Chamavam-lhe de S. Jorge e, para quem a soubesse olhar, era uma beleza
que por estranho capricho do destino vendilhão de certas gentes, nunca
mereceu o bálsamo dum interesse que a fizesse prosperar em braços de
acolhimento.
Quem a olhasse de cima, lá do alto das pastagens dos Toledos, do Pico da
Esperança ou do ondulado ciclópico da serra do Topo, poderia até julgar
que fora posta ali por qualquer poderosa rainha da Atlântida como muro a
separar o Norte e o Sul das quintas de água, tão de Leste para Oeste era
o seu estático rumo de pedra.
Com os tempos o verde foi-se colando ao negro e aqui e ali, aproveitando
o fresco das grotas e canadas, surgiram manchas de azul e de rosa que do
fim da Primavera até quase ao Outono, eram trono das hortênsias.

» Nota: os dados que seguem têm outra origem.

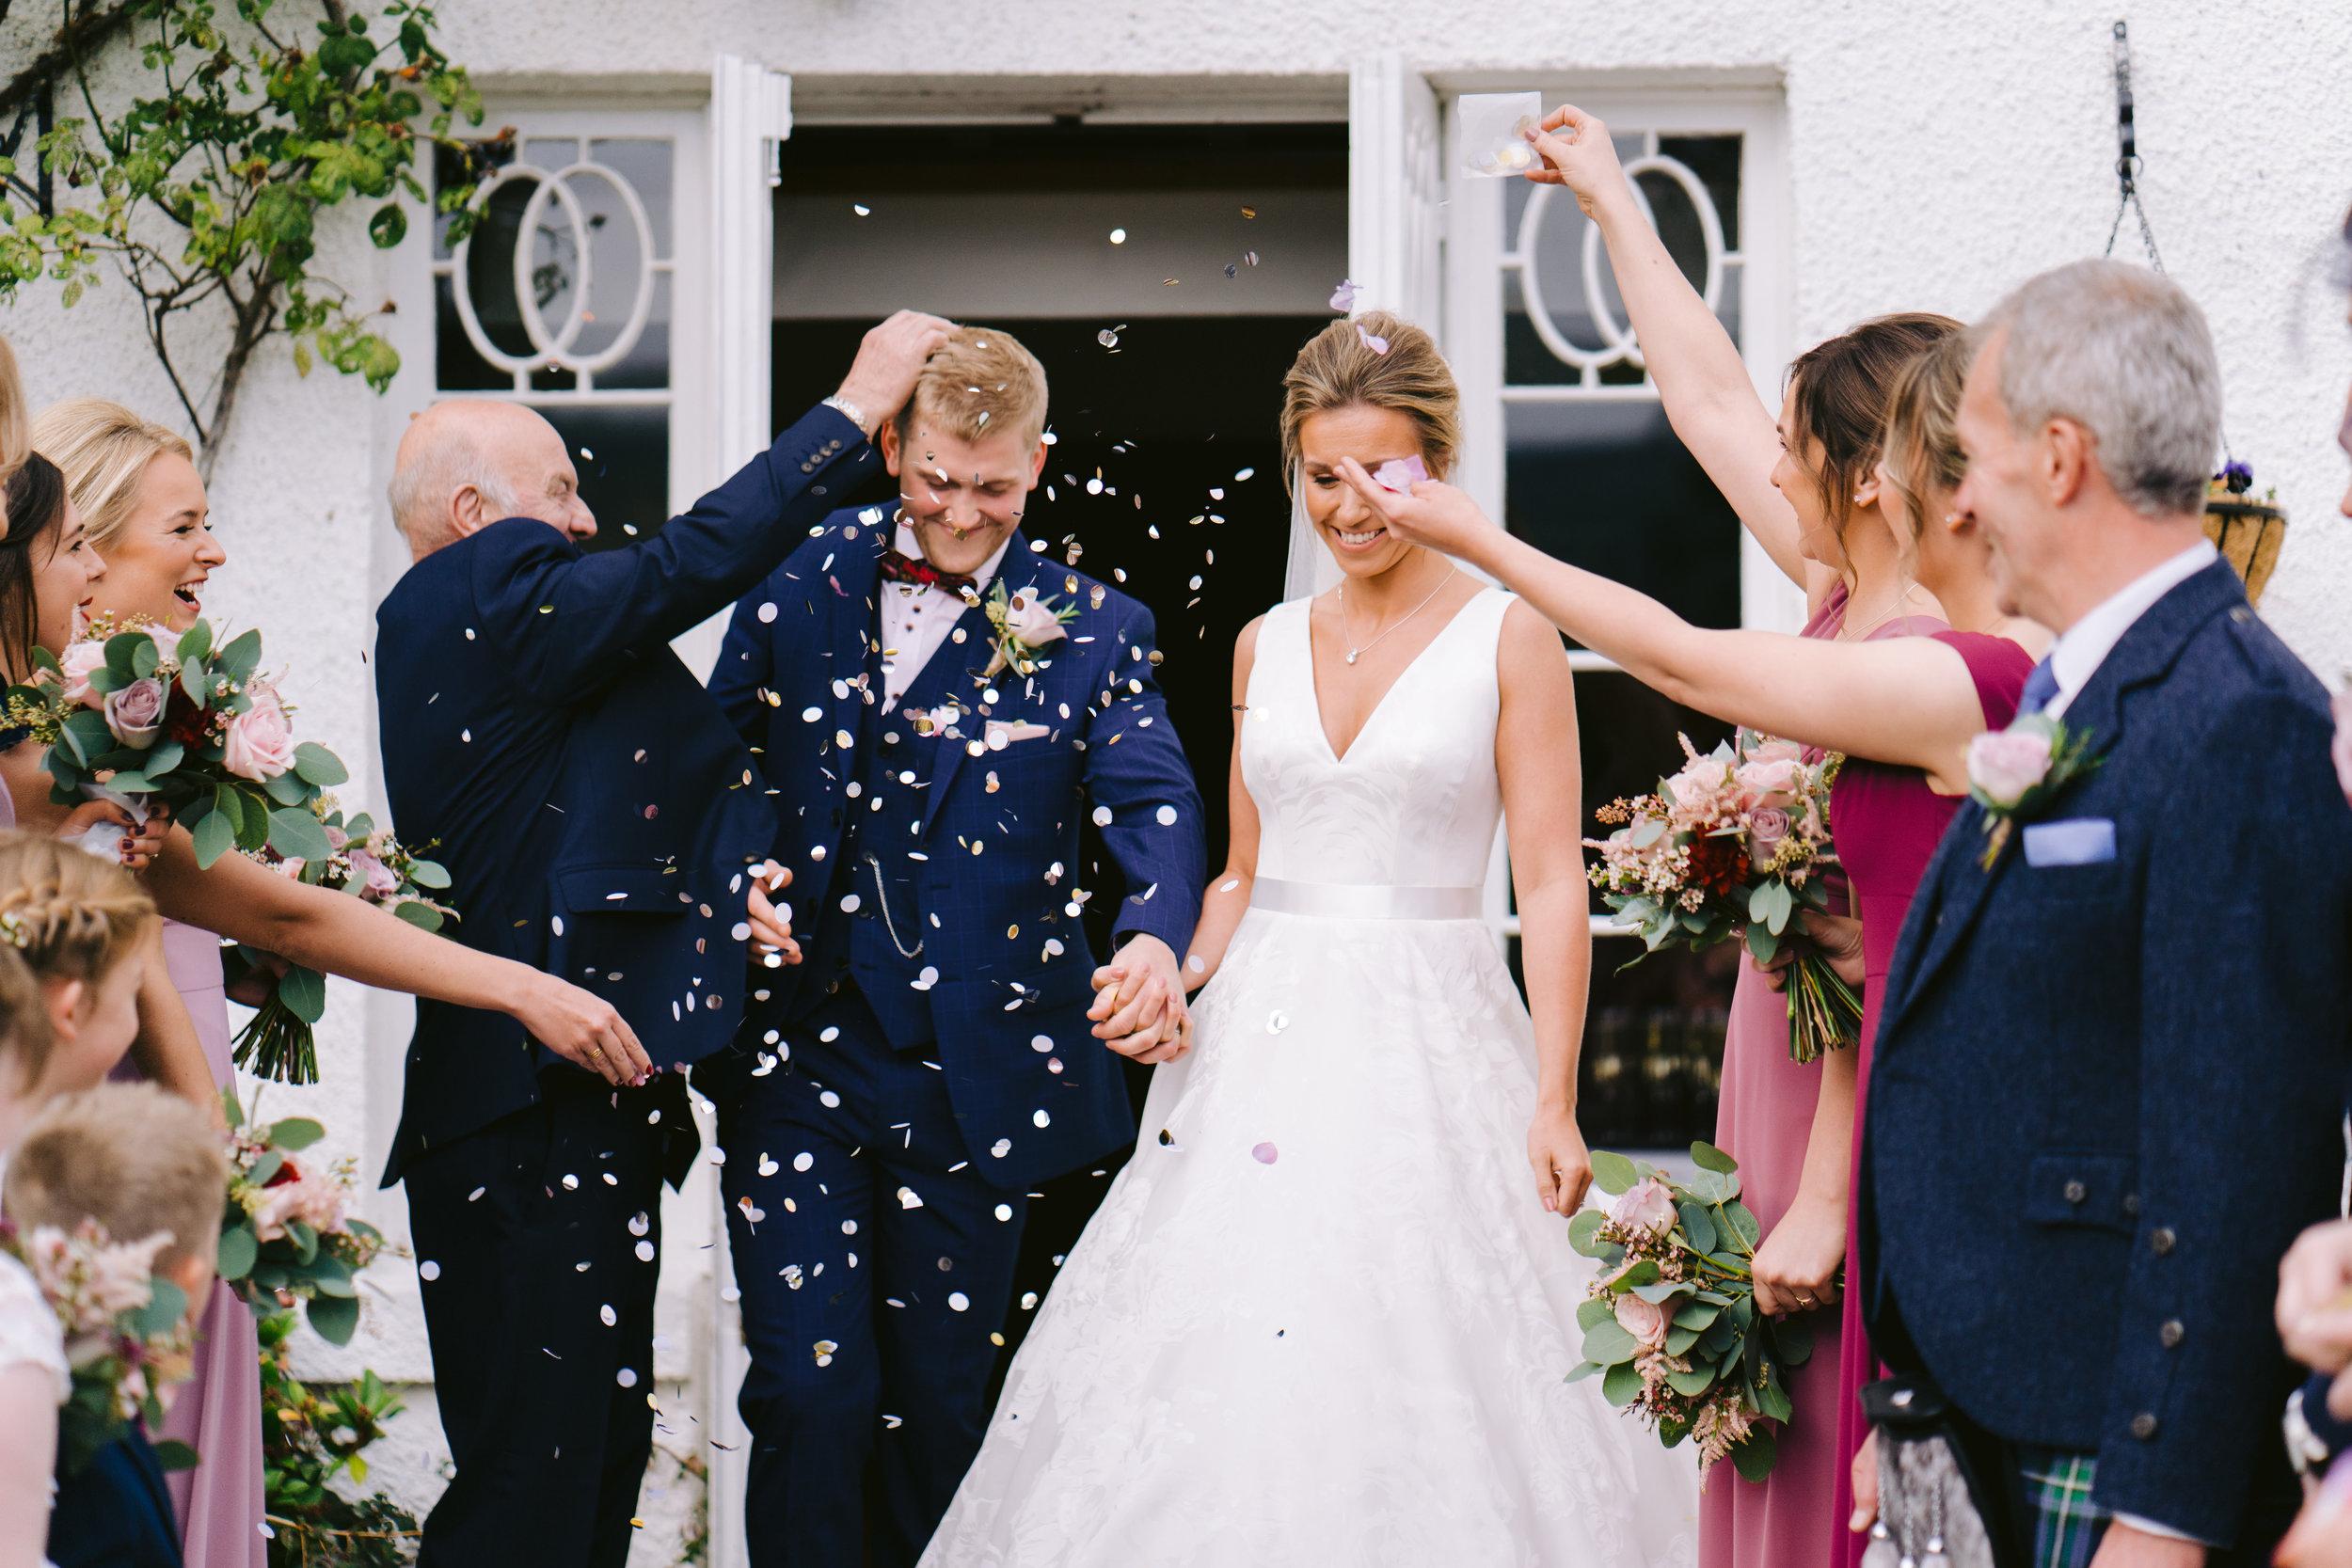 Karin_and_Shauns_Wedding_-_Achnagairn_Castle_-_www.eilidhrobertson.co.uk-584.jpg

Junto ao mar, lá bem em baixo, ancoradas a medo na base de precipícios
de vertigem, havia conchas pouco maiores que búzios e nelas umas pedras
alinhadas, cobertas de colmo, onde se abrigavam gentes quando o bom
tempo se mudava em mau. E por lá foram ficando, essas gentes, pouca
gente, às vezes em ousio, quase heróico, às chicotadas do inverno. Eram
as fajãs. Mais a Norte que a Sul iam sendo aldeias temporárias a
princípio, definitivas, depois, de meia dúzia em busca de inhames e
peixe com que alimentar o corpo já que as almas, quando o número delas o
justificasse, cedo teriam as paredes caiadas duma capela-curral onde, de
vez em quando, o Padre de freguesia próxima ia despejar, com seu latim,
uns nacos de fé a servir de conduto na espera do caminho ou do cais por
onde bois ou burros pudessem descer e subir ou a chata encostar, depois
de aproveitada a jazida se a correnteza da carneirada o permitisse.
O Pai veio da Madeira há muitos anos. Não se sabe se por fugido a
quaisquer justiças de ao pé da porta se empurrado pela fome em busca de
pão que lhe disseram mais fácil nas ilhas irmãs de lá para o meio do
grande lago atlântico. Viera a troco de um qualquer serviço a bordo,
condoído que ficara o Comandante ao saber-lhe a vida triste levada entre
"canudinhos" de aguardente de cana e um ou outro serviço em ajuda a isto
ou àquilo.
E era novo, ainda.
Desembarcado no Cais de Santa Cruz, sem esquecer a sua, logo se enamorou
daquela pequena Ilha onde os montes da borda do mar se desfaziam em
abraços de bem acolher quantos se sentissem perseguidos.
E não tardou a conseguir simpatias, pois até o seu "vinho" era de
mansidão e, passados os limites, se mudava em torpor ensonado, às vezes
acompanhado de ressonar aflautado, junto a qualquer portal vazio ou, se
Verão, à sombra de bote ou chata nas areias de Porto Pim.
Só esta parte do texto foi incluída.